Природа и война! Степь и казацкий конь верховой! Молодость моя, моя молодость и чистое небо!..

Жаворонки, эти жаворонки, – о, Боже! И, быть может, еще впереди – опасность и подвиги!..

Нет! это был какой-то апофеоз блаженства. Я и сам теперь не пойму, что такое…

Мачт уже не было видно налево…

Мы все ехали большим шагом, не спеша и все прямо в ту же сторону; но казаки мои не были, по-видимому, так покойны, как я… Они внимательно и молча всматривались перед собою вдаль… И, наконец, один из них сказал другому:

– Смотри – а ведь это пехота ихняя…

– Да, – отвечал другой, – пехота…

Я тоже глядел вперед перед собой, туда, куда они указывали, прямо в сторону Камыш-Буруна, и мне казалось, что кроме зелени, травы и травы – ничего там нет… Но я понимал, что мои «студенческие», штатские глаза и не могут равняться с зоркими очами сынов «воинственного Дона»! Надо было им верить, что там, где-то перед нами, быть может, верстах в десяти, положим, а может быть, и ближе, – движется вражеская пехота…

Наконец, не знаю, в самом ли деле я увидал что-нибудь по их указанию, или мне вообразилось только, что я вижу что-то, но как будто остались у меня теперь смутно в памяти как бы узкие темные две-три полоски на дальней зеленой степи…

Казаки уверяли, что это неприятельские колонны, движущиеся от Камыш-Буруна к Керчи.

Наконец, один из казаков (тот не вполне вооруженный, который уступил мне лишнюю лошадь), сказал: «Надо прибавить рыси теперь».

– Бери правее, – сказал другой. – Может быть, у них и кавалерия есть. Кто ж их знает!

– Да ведь далеко, – заметил я, – разве поймают?

(У меня уже опять было мелькнула мысль о путешествии на казенный счет в Константинополь и Францию. Теперь уже и совесть молчала: с казаками вместе, без всякого самовольного романтизма, попался в плен. Чем же я виноват? Может быть, даже слегка и ранят в погоне, слегка, слегка, конечно!.. Бог милостив! И честь соблюдена, и все!)
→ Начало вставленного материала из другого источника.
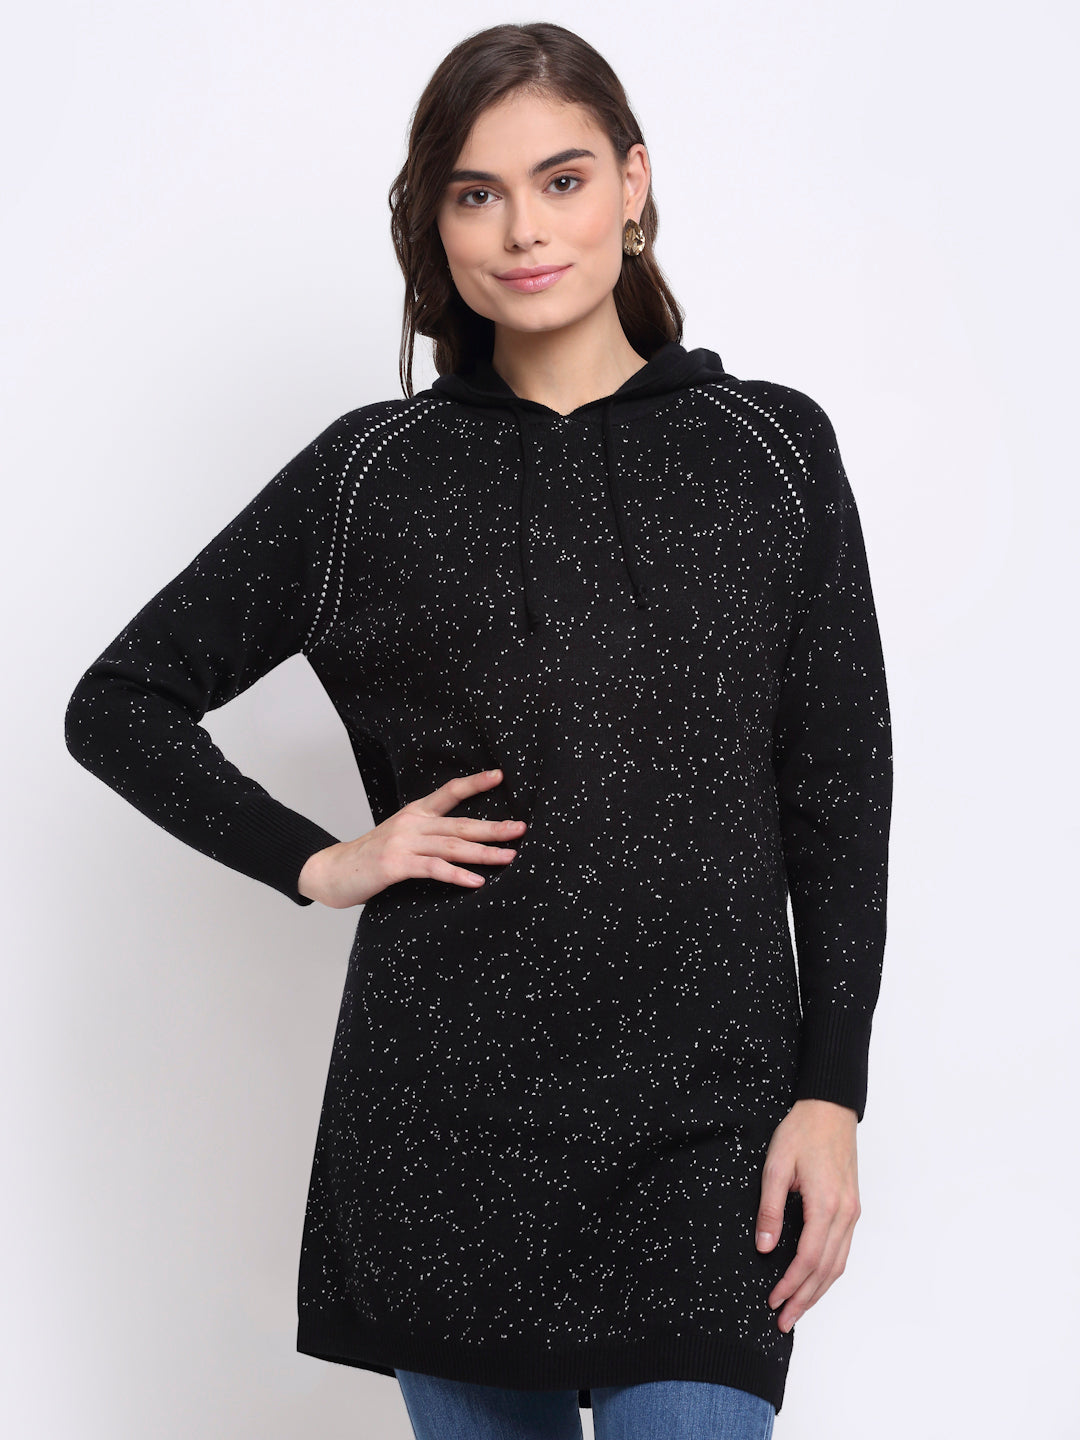 women black hooded solid knit dress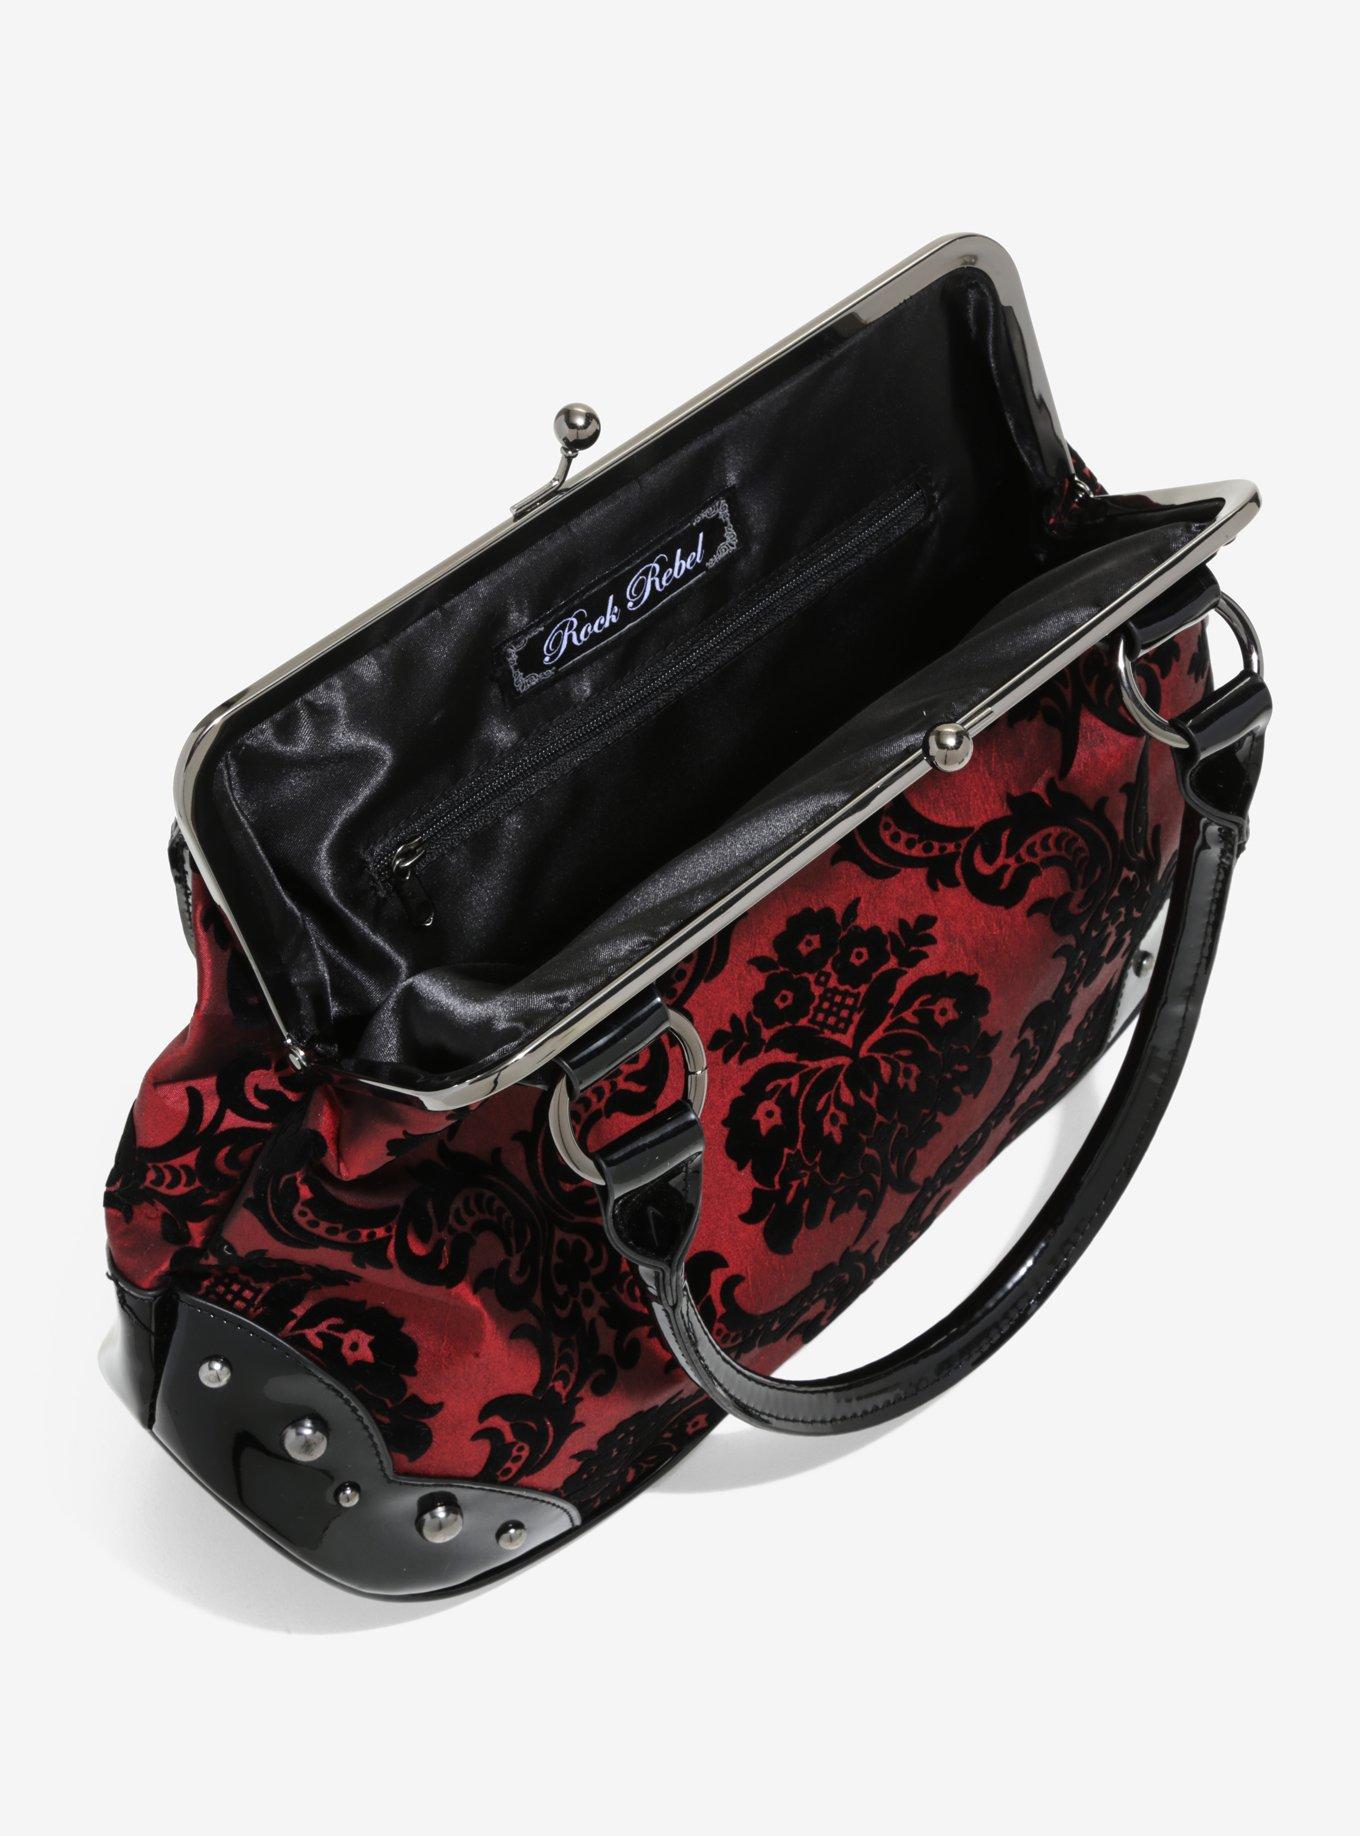 Rock Rebel – Mistress Midnight GG Rose Victorian Damask Handbag – Get it  Vegan

– Разве поймают? – сказал я.

– Припустят человек десять – двадцать на хороших конях, так и поймают или убьют, – ответил казак и прибавил, обращаясь к товарищу: «Ну, эй! прибавь рыси!»

Я должен был покориться, и мы вдруг «побежали» очень шибко рысью, все забирая правее и правее в степь от берега и приближаясь к тому пути, по которому должны были отступать все наши войска к Феодосии.

Бежали мы, бежали на рысях, – сколько, уже не помню; край неба у близкого берега давно исчез из глаз за нами, и давно уже мы были окружены морем степной зелени со всех сторон.

Казаки тоже успокоились и даже захотели дать отдохнуть лошадям и сошли с них; сошел и я, отдал и свою лошадь казаку, а сам лег на землю.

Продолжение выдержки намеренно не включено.